Innovative surface treatment of turbojet and turbine engine blades

Heat engines operating on the principle of Joule-Brayton circulation are used particularly in aviation (turbojet engines) and power engineering (turbine engines) to drive electrical energy generators. Cooperation between BUT scientists and TnUAD, along with experts from PBS Velká Bíteš, has resulted in the discovery of a technical solution which will contribute to increasing engine output and service life.

Stator (guide) and rotor (circulating) blades of turbojet and turbine engines are exposed to extreme operational conditions during operation. A special protective layer spread on the outer surface of blades can minimize the effects of oxidation and corrosion. 

rotorové lopatky staré

Fig. 1: Rotor (circulating) blades of a combustion turbine after 3 years of operation.

rotorové lopatky nové

Fig. 2: New rotor blades of a combustion turbine provided with protective coat.

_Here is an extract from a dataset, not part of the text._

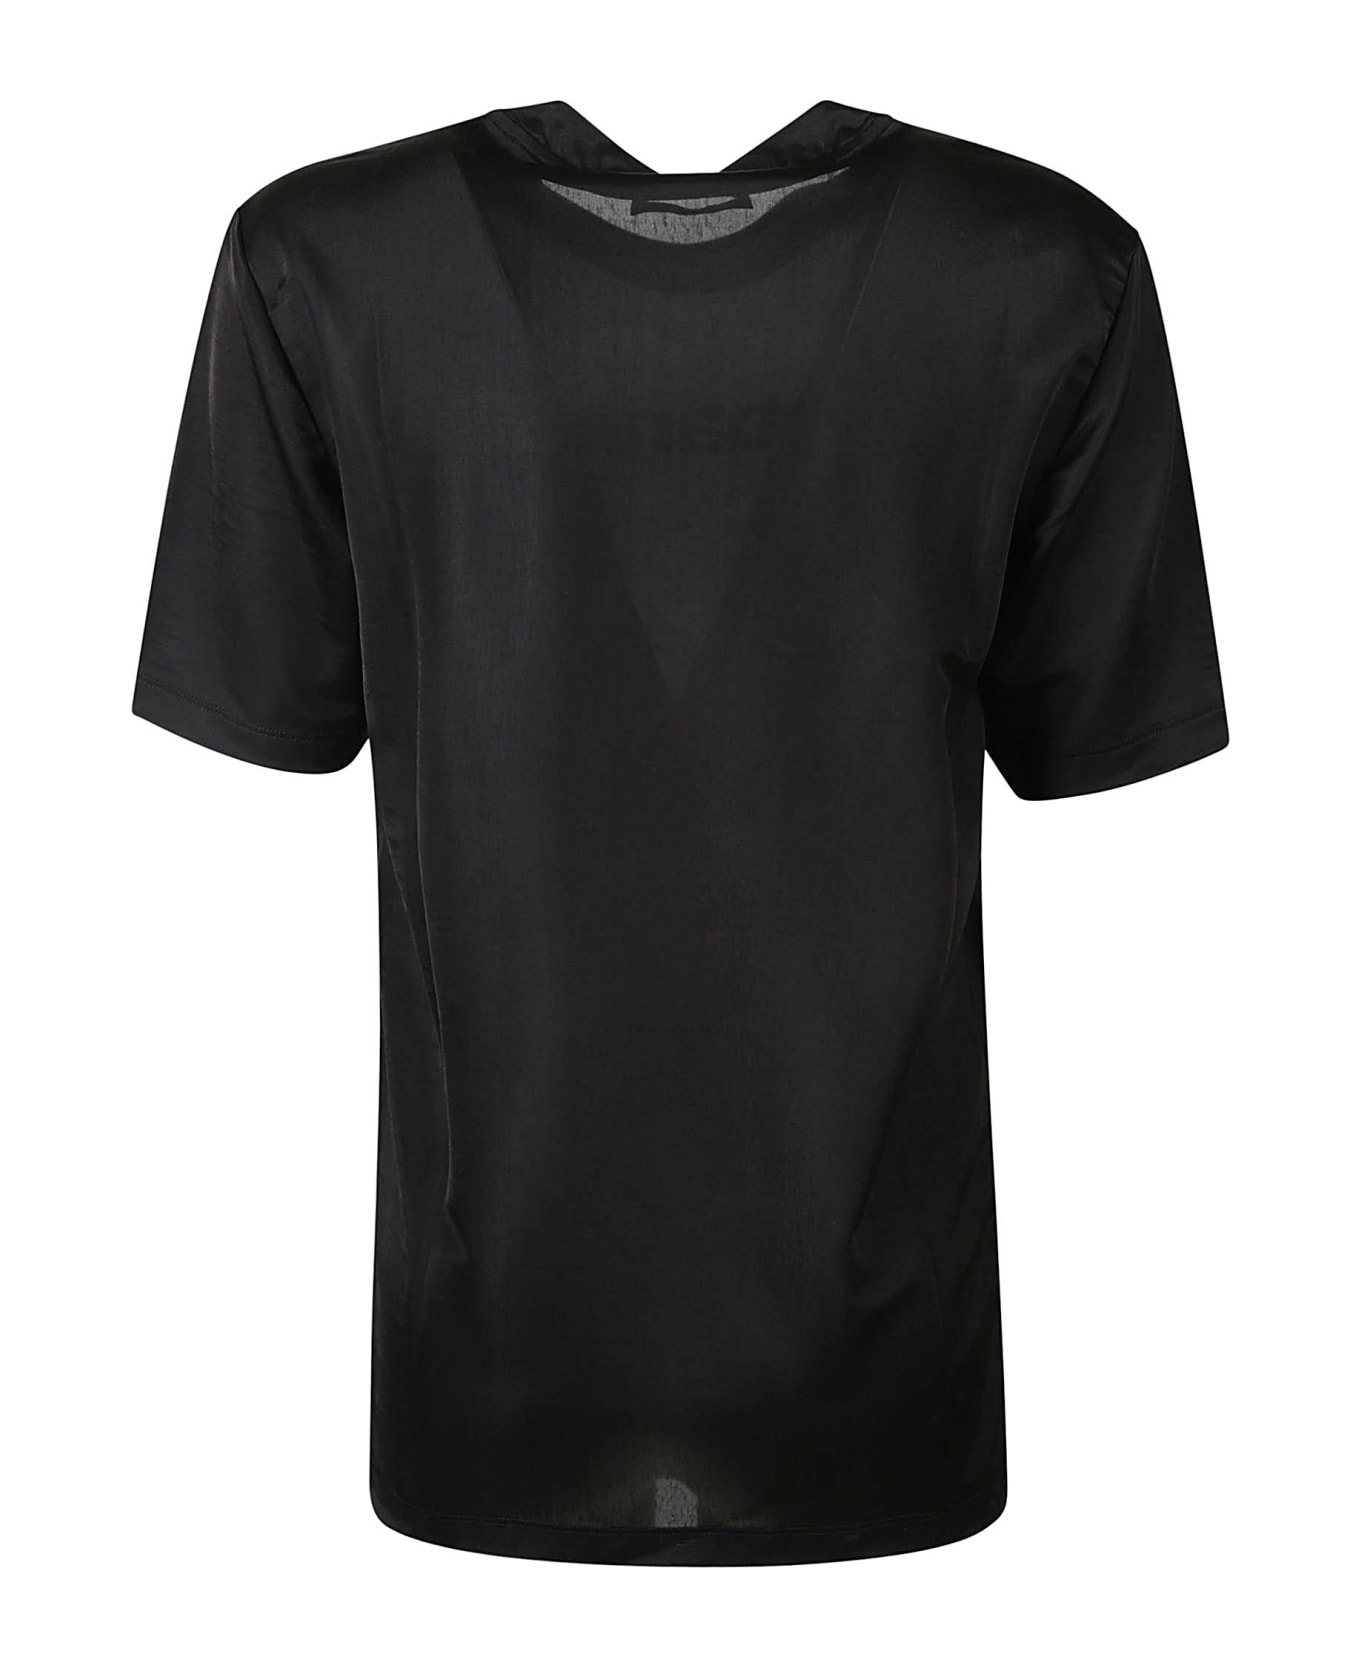 Paco Rabanne Round Neck Logo T-shirt - Black Tシャツ

Both stator and rotor blades are manufactured using the technology of precise casting in shell moulds. One material frequently used is the nickel super-alloy Inconel 713LC. This is a high-strength material which tolerates high temperatures well. Unfortunately, these construction materials are less resistant to oxidation and corrosion. One of the ways of providing sufficient resistance against such effects is the application of a protective layer on the outer surface of single parts. This layer separates the materials of the flow parts from direct contact with hot combustion residues formed in the motor combustion chamber. The protective layer is consumed due to abrasive properties of hot gases; however, it protects the basic materials of the flow part. This enables the service life of relatively expensive components to be extended.

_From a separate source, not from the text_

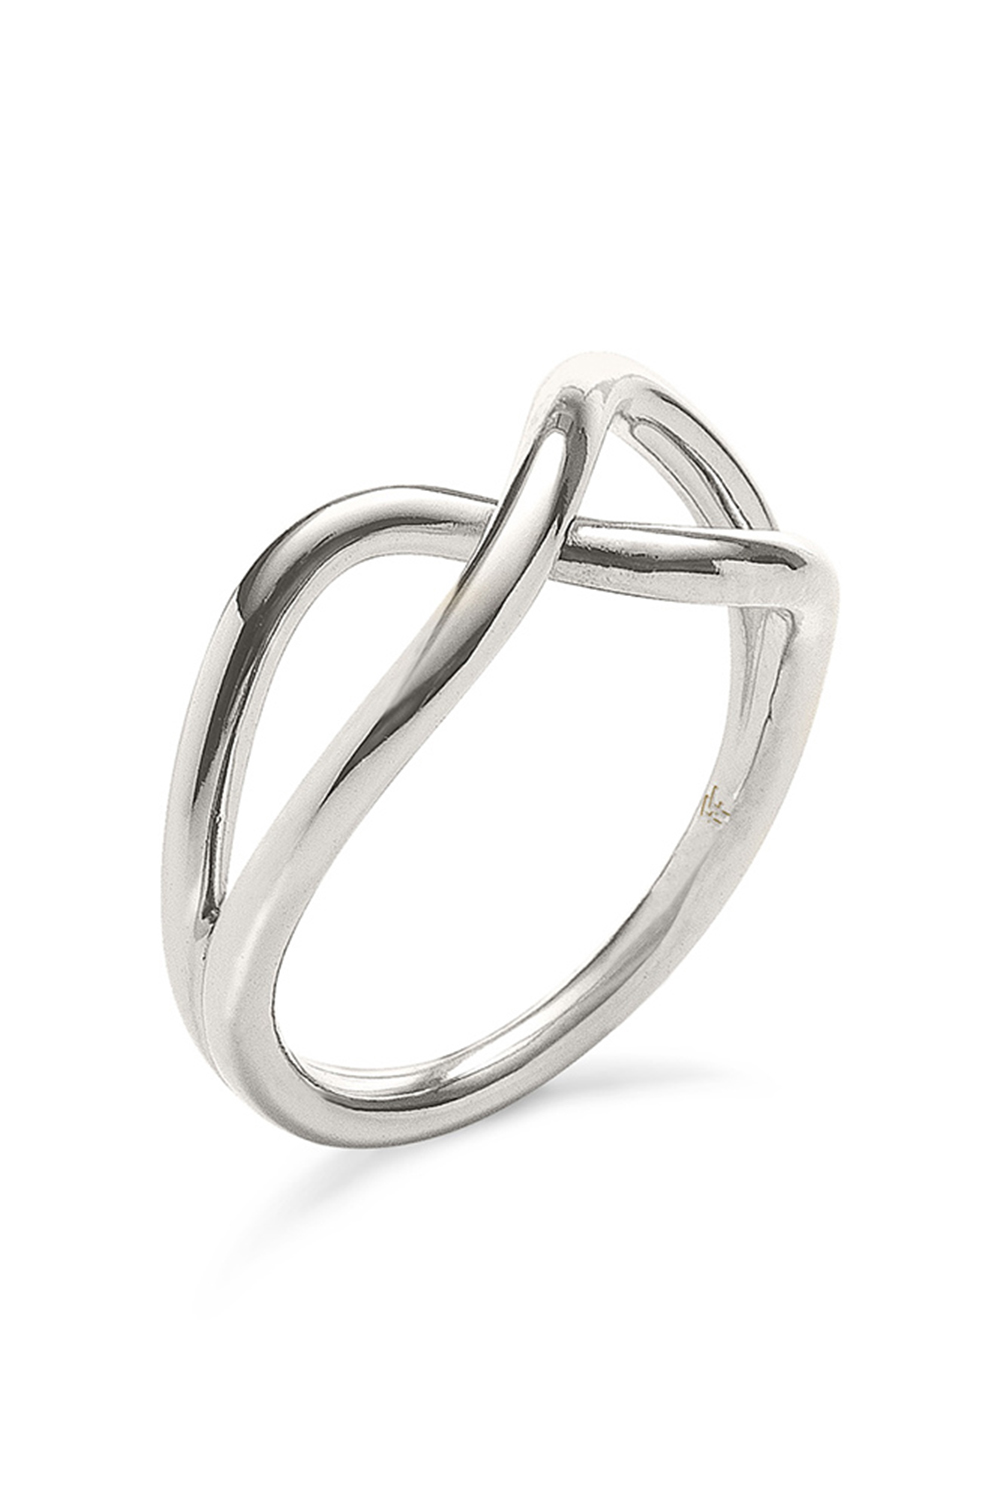 Γυναικεία/Αξεσουάρ/Κοσμήματα/Δαχτυλίδια FOLLI FOLLIE - Γυναικείο δαχτυλίδι από ορείχαλκο FOLLI FOLLIE FLUIDITY ασημί

The applied layer (coat) must not influence the mechanical properties of the protected material. There exist a range of technologies for applying protective coats and here we find considerable potential for optimization. The most widely recognized coating technology is based on aluminium modified with chromium or platinum elements. The alloys are most often in the form of granulate. At high temperatures vapours develop and react, and the protective alloy (e.g. CrAl) diffuses into the basic material which results in the protective layer. Using additional heat treatment, a more advantageous phase composition of the coat and a better connection with the basic material can be achieved. The advantage of the method is the formation of a relatively even layer and thus the possibility to coat the quite complex shape components of turbines. By adjusting the parameters during coating, the thickness of the protective barrier and depth of saturation of the material with the coat can be regulated. Coat thickness ranges between 30 and 80μm, where the coat is joined to the substrate up to 2/3 of the total thickness.

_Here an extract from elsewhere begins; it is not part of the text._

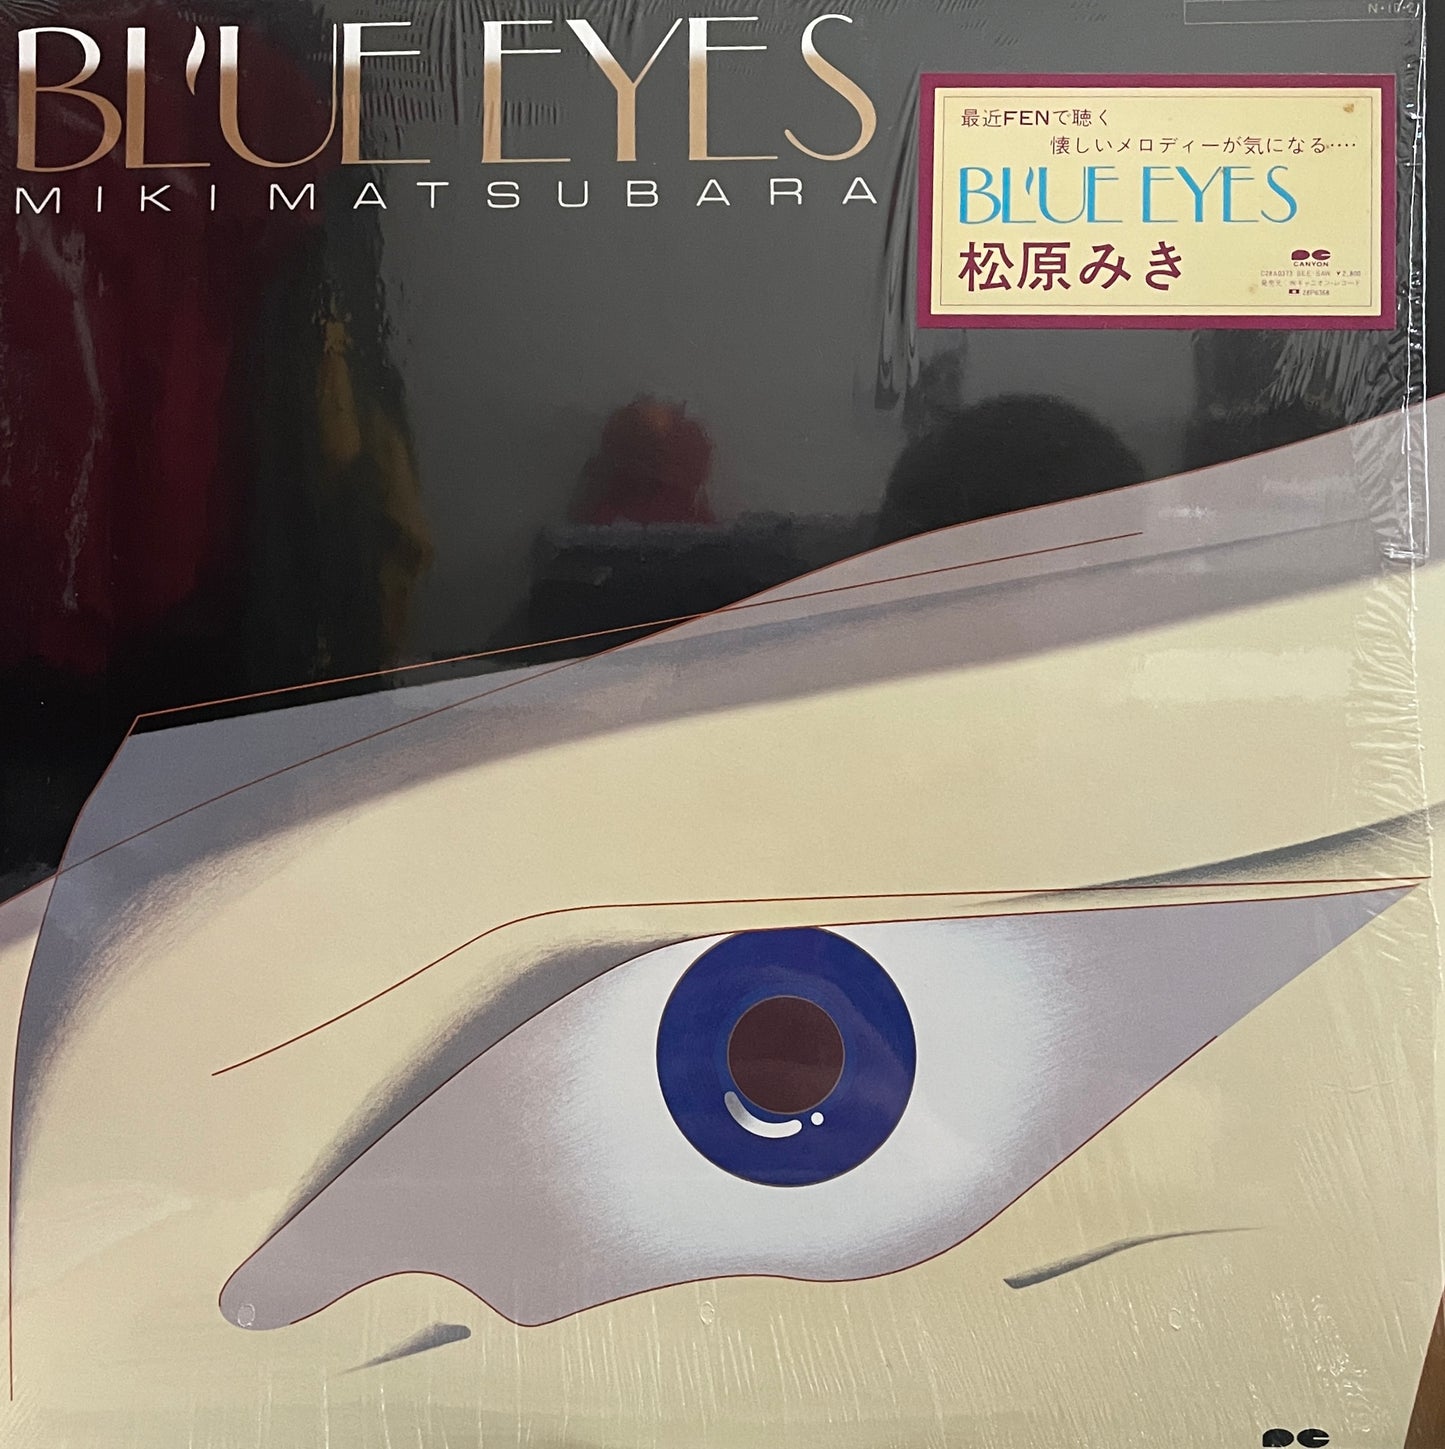 Miki Matsubara "Blue Eyes" (1984)

The cooperating scientists Doc. Ing. Marta Kianicová, Ph.D. from the Alexander Dubček Trenčianská University in Trenčín, the scientific team at the Institute of Physical Engineering at BUT under the guidance of Prof. RNDr. Jaroslav Pokluda, CSc., alongside a further team from the Institute of Material Sciences and Engineering at BUT led by Prof. Ing. Tomáš Podrábský, CSc. working with experts from PBS Velká Bíteš have discovered and tested a technical and technological solution consisting of the use of a protective surface of nickel super-alloy which is more resistant to corrosion and oxidation. The coat structure is optimized with regard to the maximum effectiveness of the turbine. The surface of the cast is now covered in an aluminide coating with a thickness of 30 to 90μm and consists of an inner and outer sub-layer. The aluminide surface is formed through a low-active deposition process in which a chemical compound based on aluminium is transported to the surface and reacts with the base material of the cast, thus creating a protective coating. The outer layer consists in particular of a NiAl matrix, and creates a reserve of aluminium needed for the formation of protective oxide. The inner layer is also based on a NiAl matrix, but it also contains a large amount of heat-resistant elements. Elements of the flow parts of turbojet and turbine engines which are coated with this protective layer (coating) provide a higher degree of protection from aggressive combustion products.

This method of protection from aggressive combustion products is protected by the IPO CZ as a utility model: “Structure of Flow Parts of Turbojet and Turbine Engines”.